Activity: Below is a listing to transcribe in full and exactly; keep the pictures out.

Source data:

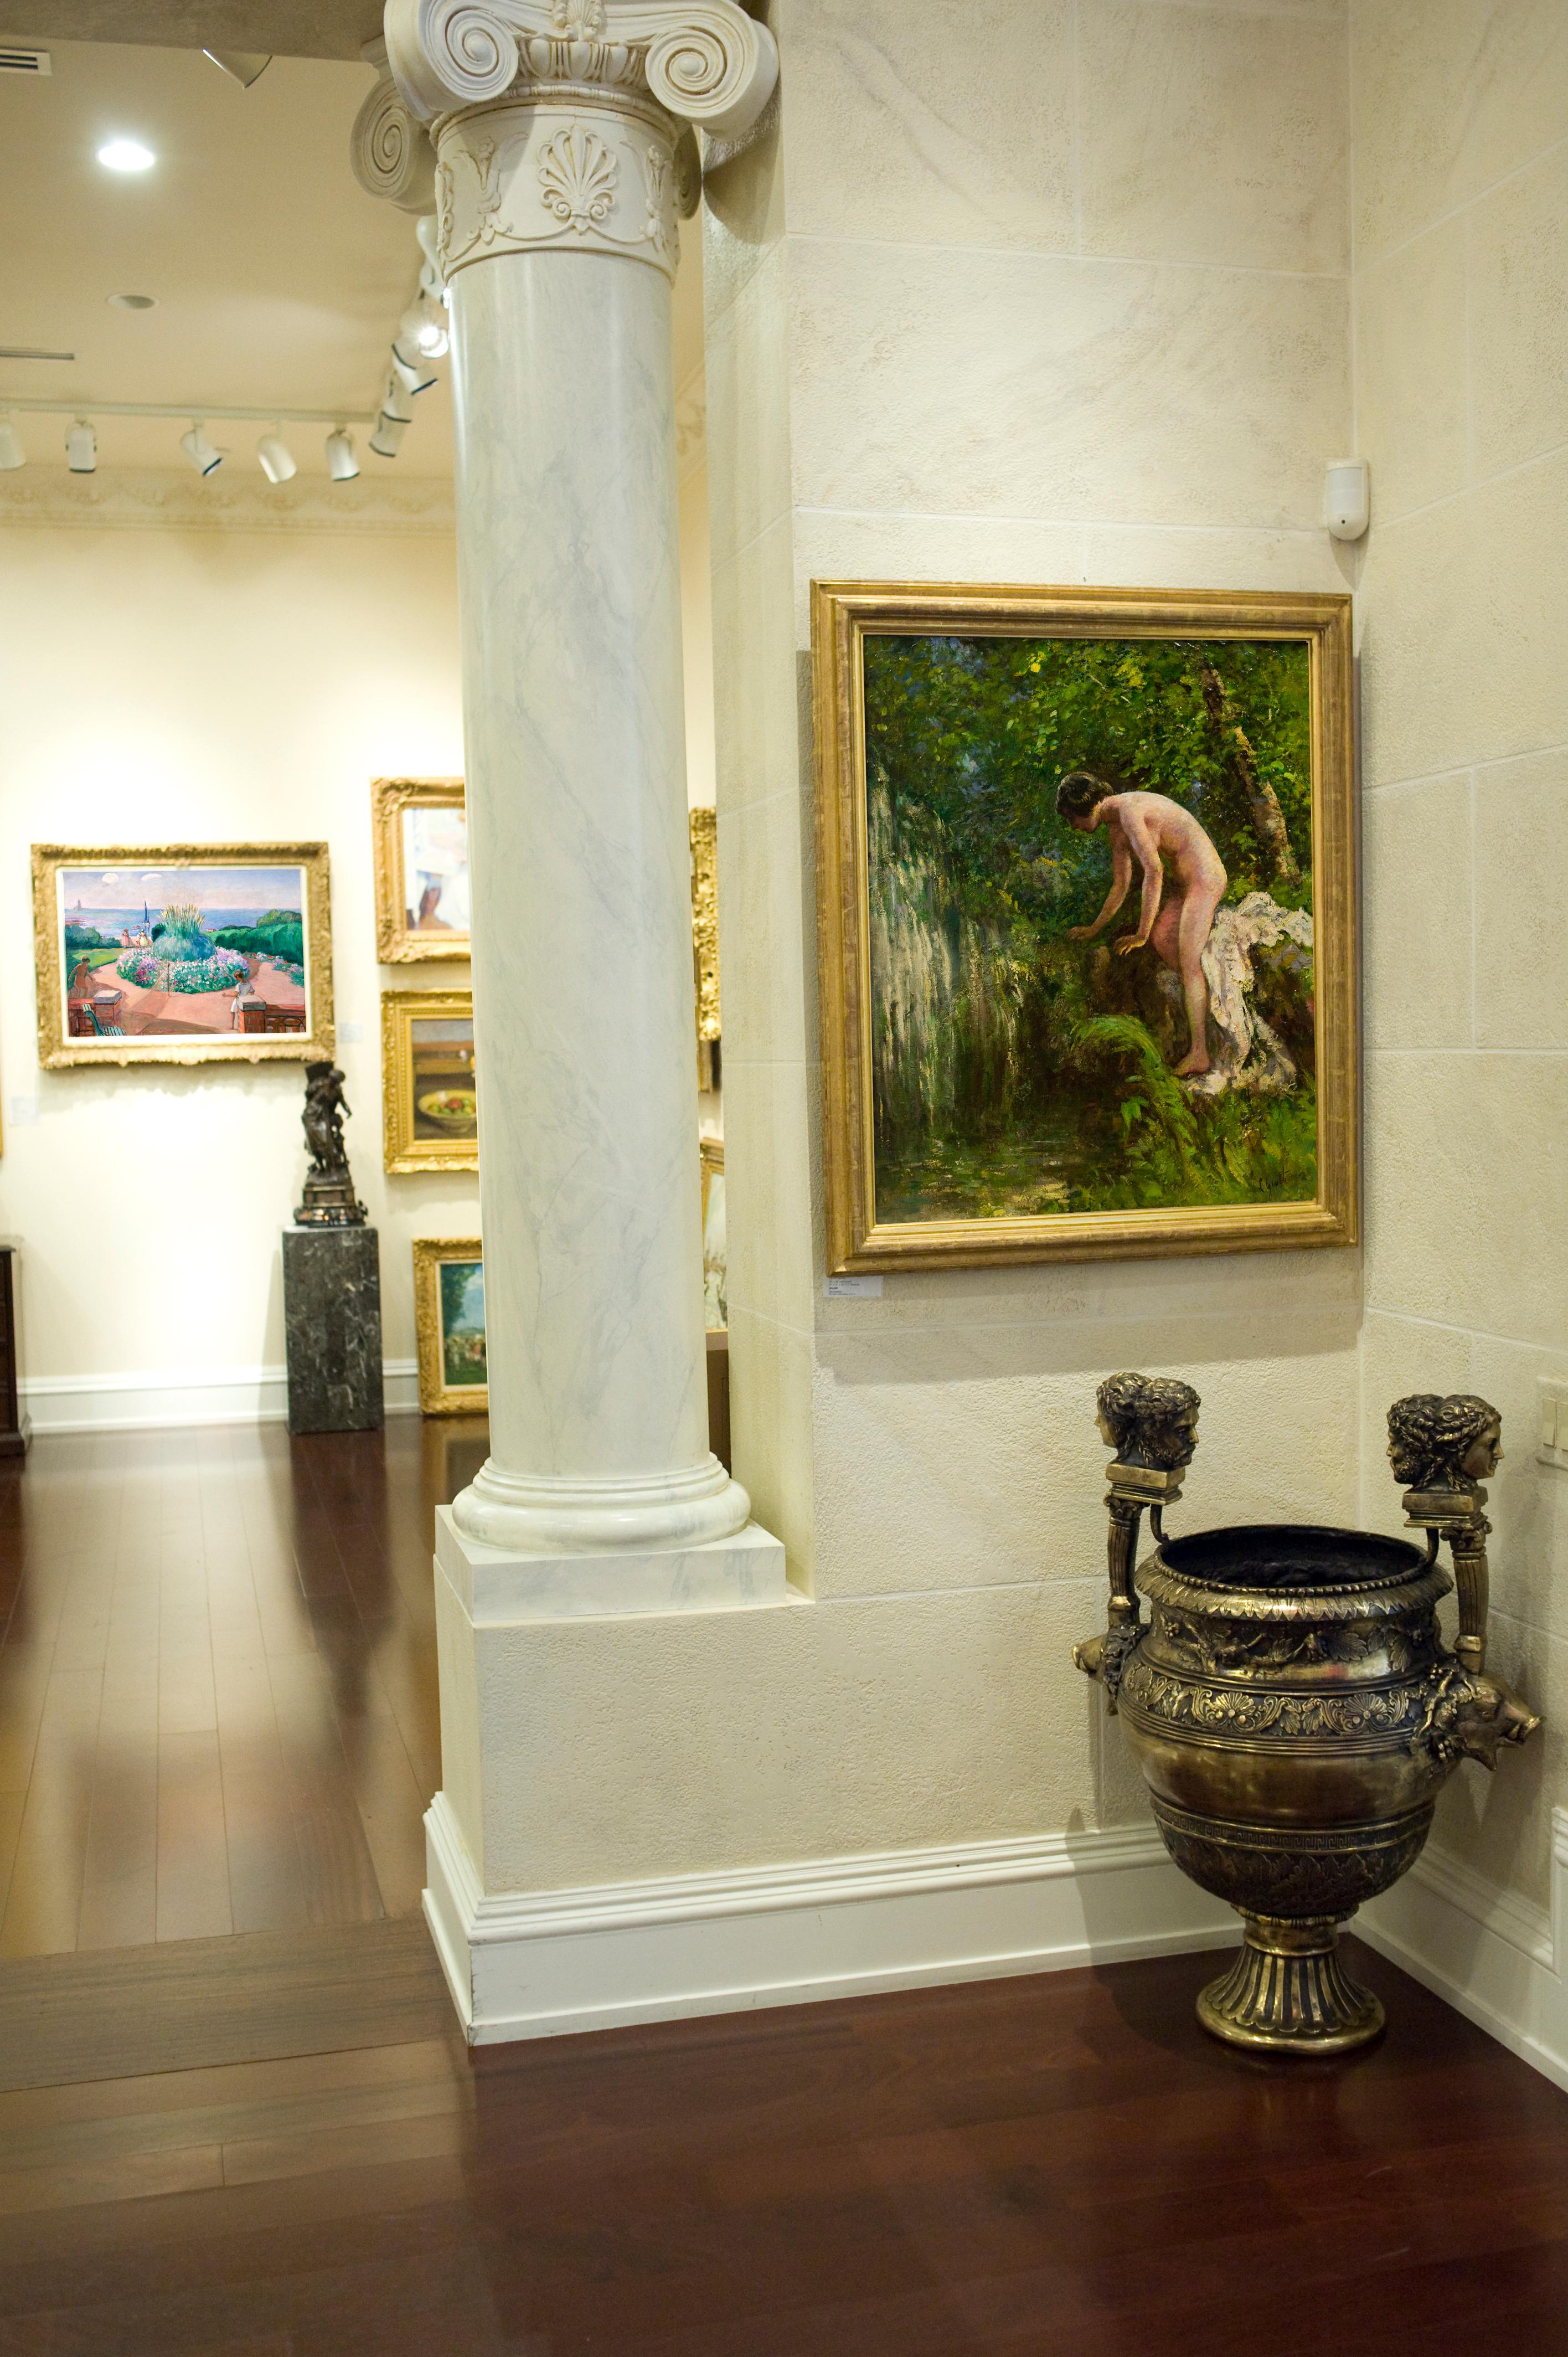 Signé en bas à droite

Lillian Genth était une importante peintre figurative américaine. Elle a étudié aux États-Unis et à Paris, auprès de James McNeil Whistler. Genth a peint un grand nombre de ses nus féminins en plein air dans sa propriété
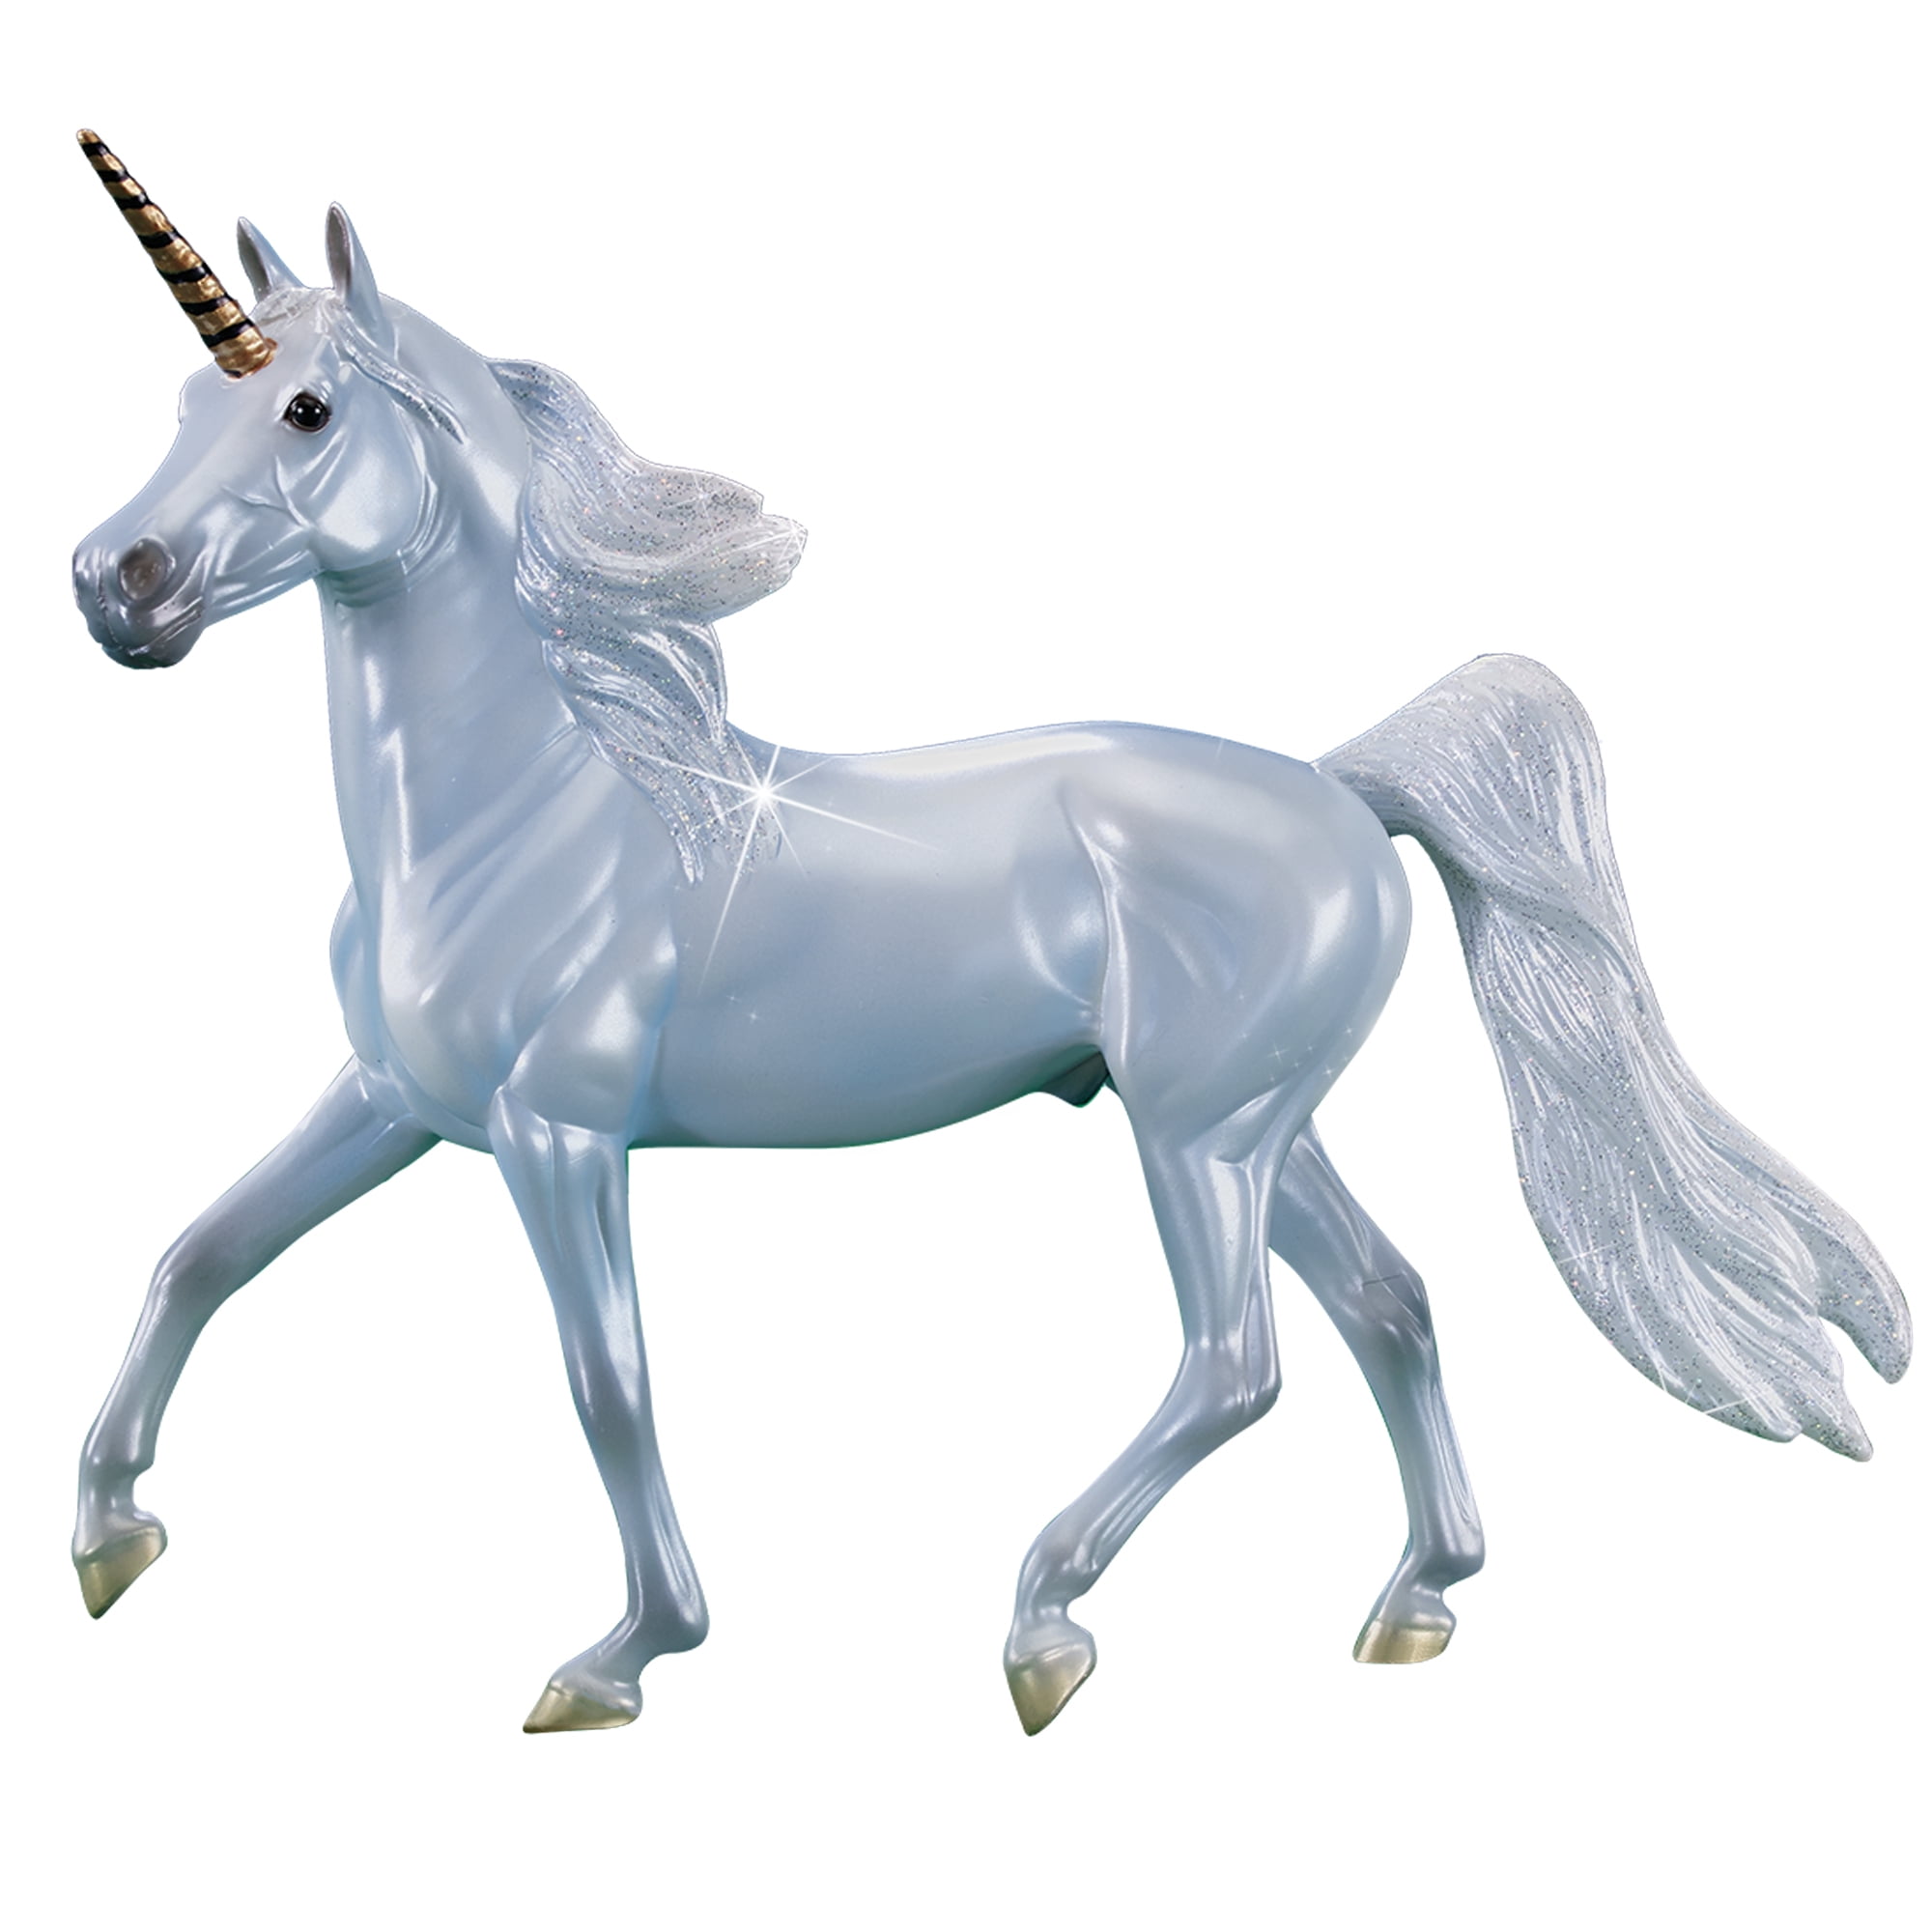 Plastic Unicorn Figurine Toy 3" Tall White & Blue One Raised Hoof

Expected answer:
 Signé en bas à droite

Lillian Genth était une importante peintre figurative américaine. Elle a étudié aux États-Unis et à Paris, auprès de James McNeil Whistler. Genth a peint un grand nombre de ses nus féminins en plein air dans sa propriété
 Plastic Unicorn Figurine Toy 3" Tall White & Blue One Raised Hoof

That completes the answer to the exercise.